Hi folks,
I've just run into a subtle but fairly serious race condition while using web.py's SQL library to insert multiple rows into the database and return their IDs (a "serial primary key" column). Specifically I'm using the multiple_insert() function that web.py defines here:
This function runs a query like this:
INSERT INTO table (col1, col2) VALUES (col1_1, col2_1), (col1_2, col2_2), ...; SELECT currval('table_id_seq');
Using the output of the currval(), web.py tries to build a list of the most recent IDs by creating a range from "currval - num_rows_inserted + 1" through "currval". In Python:
out = range(out-len(values)+1, out+1)
This *looks* nice, and must have seemed fine to the developers who implemented it, but I've just hit a case where two sessions each doing a multiple insert don't use sequential IDs. For example, the range code above for the first insert gave 2117552...2117829. And the second insert gave 2117625...2117818. Which are obviously overlapping and is a nasty bug waiting to happen. Thankfully it caused an IntegrityError further down in my code so I didn't screw things up.
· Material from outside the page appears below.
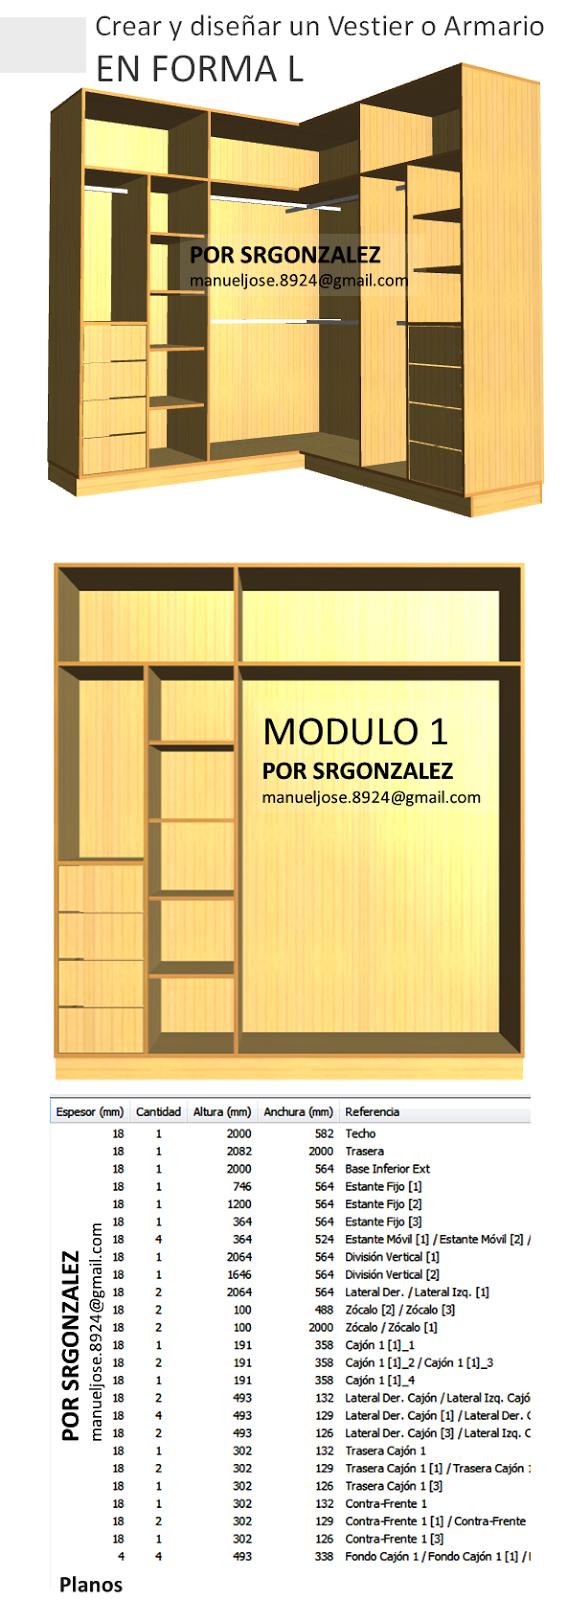 Dise os de muebles armarios cocinas bibliotecas etc for Programa para disenar muebles de madera

First of all, I presume this is expected, and is how the sequence with a multi-row insert is supposed to work? In other words, the sequence guarantees the IDs will be unique, but with multi-row insert, they won't necessarily be consecutive? If so, it's a fairly serious bug in web.py's multiple_insert(), which probably shouldn't return anything due to this issue.
Second, what's the right thing to do here? The first thing I found was PostgreSQL's "RETURNING" clause, but somewhat frustratingly for this use case, even that's not guaranteed to return the results in the order you specified. I need the IDs in insertion order so I can do further processing. Tom Lane and others in this thread indicate that this is not a guarantee of the RETURNING clause, for future optimization reasons and due to how SQL handles sets:
So currently I've changed my code to use RETURNING and then I'm ordering the results based on a secondary column that I know the order of. This works, but seems clunky, so I'm wondering if there's a nicer way.